NEW DELHI: The group of ministers (GoM) on Telangana on Tuesday cleared the draft Andhra Pradesh Reorganization Bill, along with some minor procedural and technical changes. This draft is likely to be put up for Cabinet approval on Thursday, and introduced in Parliament soon after.

In what should be the last meeting of the GoM on Telangana, the members - chairman Sushil Kumar Shinde, defence minister A K Antony, rural development minister Jairam Ramesh, petroleum minister Veerappa Moily, health minister Ghulam Nabi Azad and special invitee V Narayanasamy - cleared the draft bill in just about 20 minutes. The nearly 9,000 amendments sought by members of the Andhra Pradesh legislature were not gone into; in any case, the views and opinion of the Andhra Pradesh assembly, which had last week rejected the draft bill referred to it by the Centre, are not binding on the Union government.

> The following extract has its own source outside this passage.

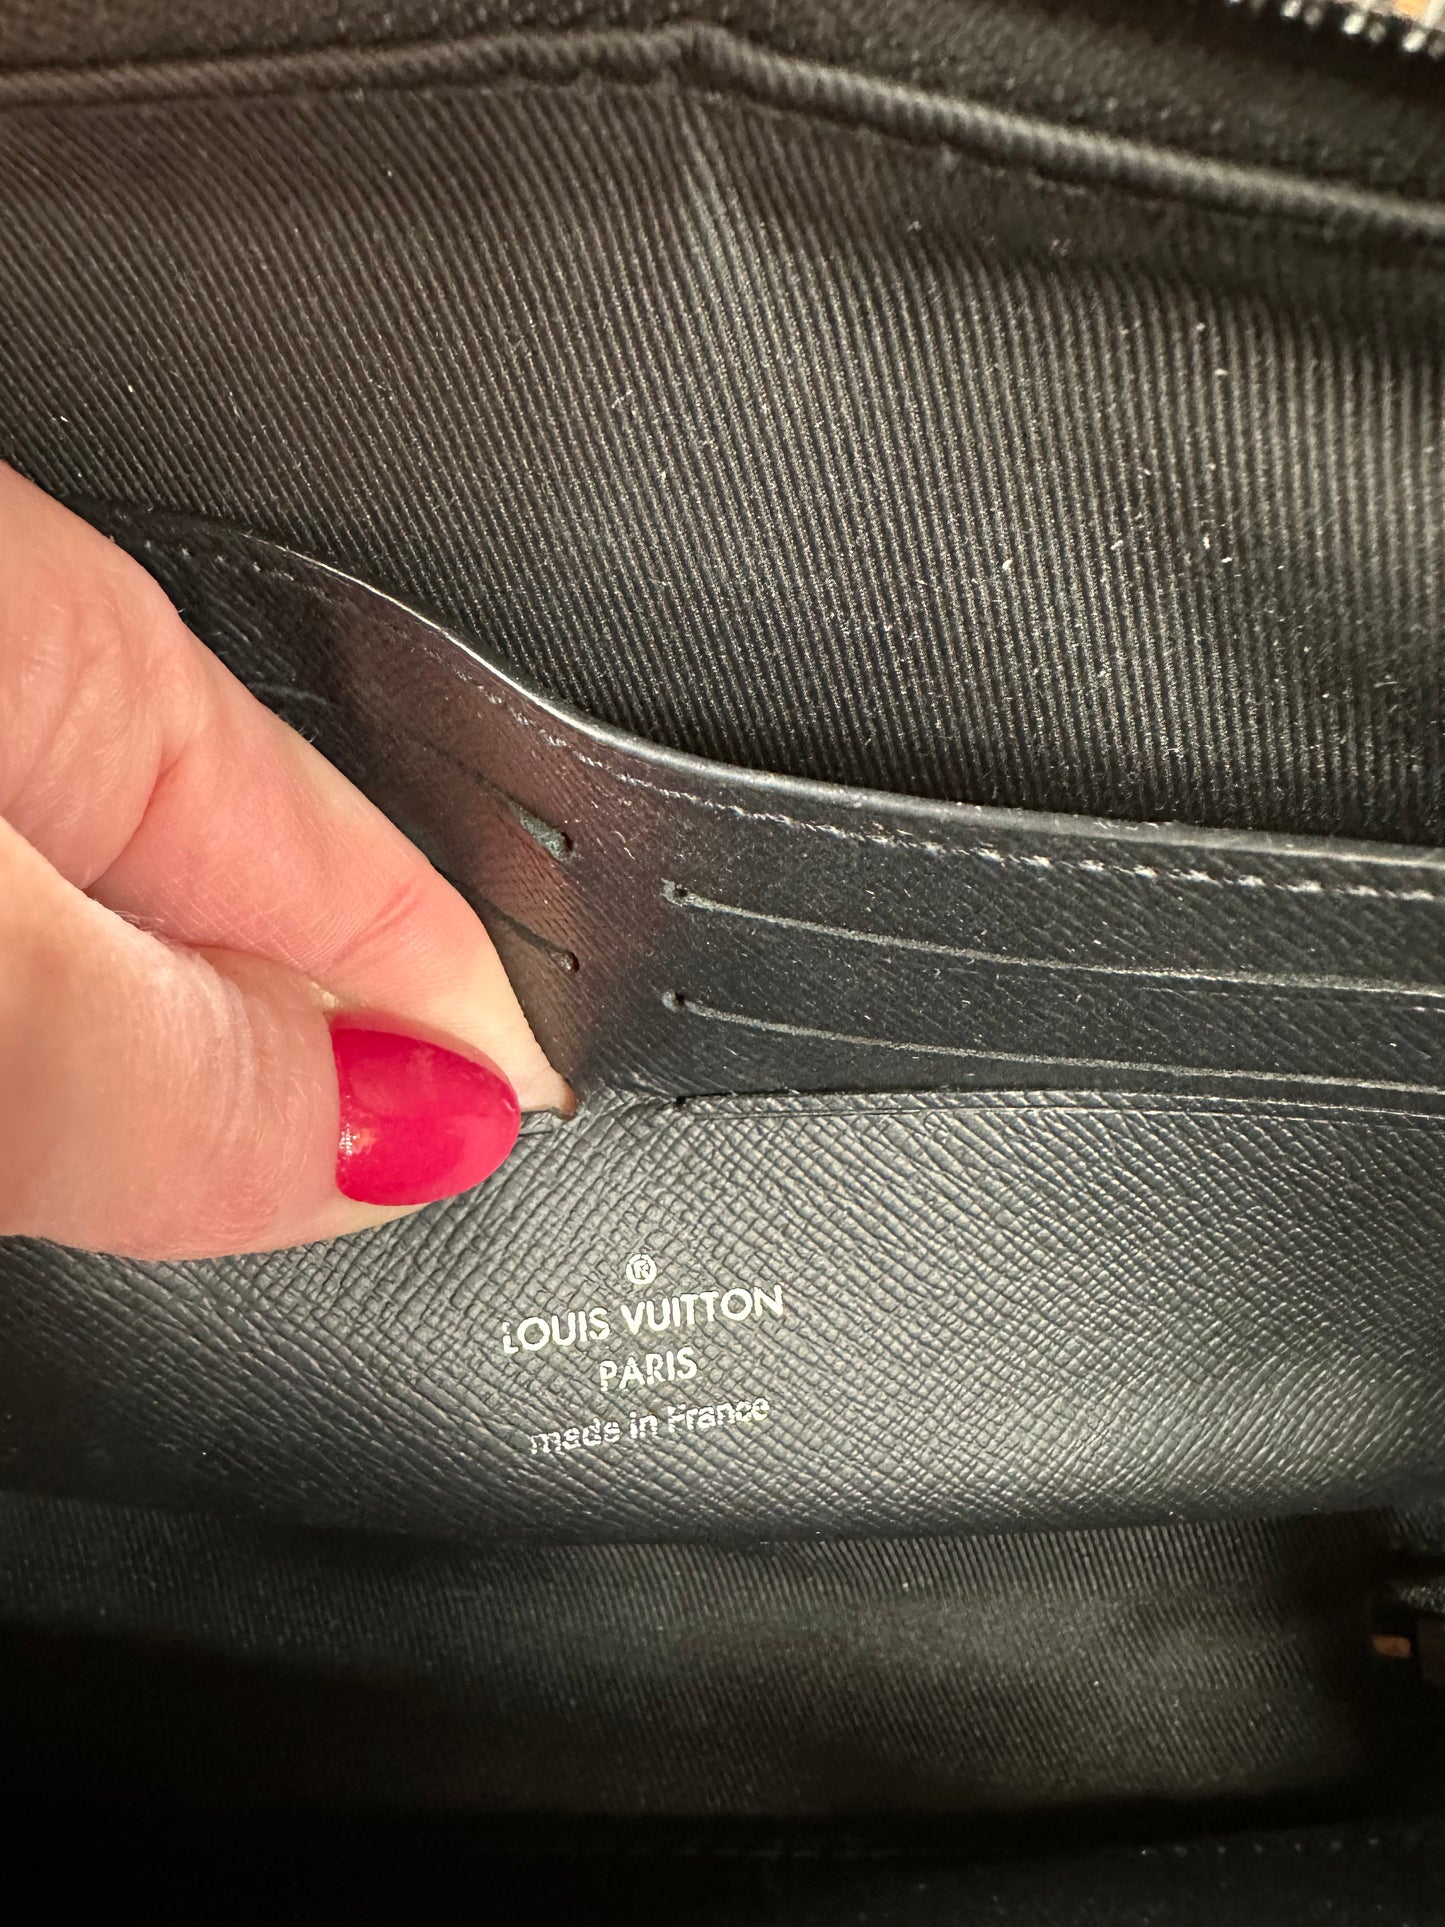 Louis Vuitton logo inside

The draft bill expressly states that elections to the newly-created Telangana and residual state of Andhra Pradesh will be held as per delimitation of seats carried out in 2008 for undivided Andhra Pradesh. According to the draft bill, while Telangana will comprise 17 Lok Sabha seats, Seemandhra will account for 25 seats. The SC/ST constituencies in each state will remain as before, and a fresh delimitation exercise will be undertaken once the simultaneous polls to the Lok Sabha and assembly are over.

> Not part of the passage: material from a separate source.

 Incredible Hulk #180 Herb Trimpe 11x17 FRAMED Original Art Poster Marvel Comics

The Cabinet, while considering the Telangana draft bill, will also finalize the special package for development of the new capital for Seemandhra. The contours of a a financial package for the residual state of Andhra Pradesh, including the more backward Rayalaseema region, may also be decided.


The government seeks to introduce the Telangana bill in Parliament on Monday. However, with MPs from Seemandhra planning to disrupt Parliament to protest against bifurcation of Andhra Pradesh and the BJP resisting any move to suspend them, it may prove a challenge for the government to get the bill cleared in the 12-day session, which also has the interim rail/general budget and six anti-corruption bills listed as priority business.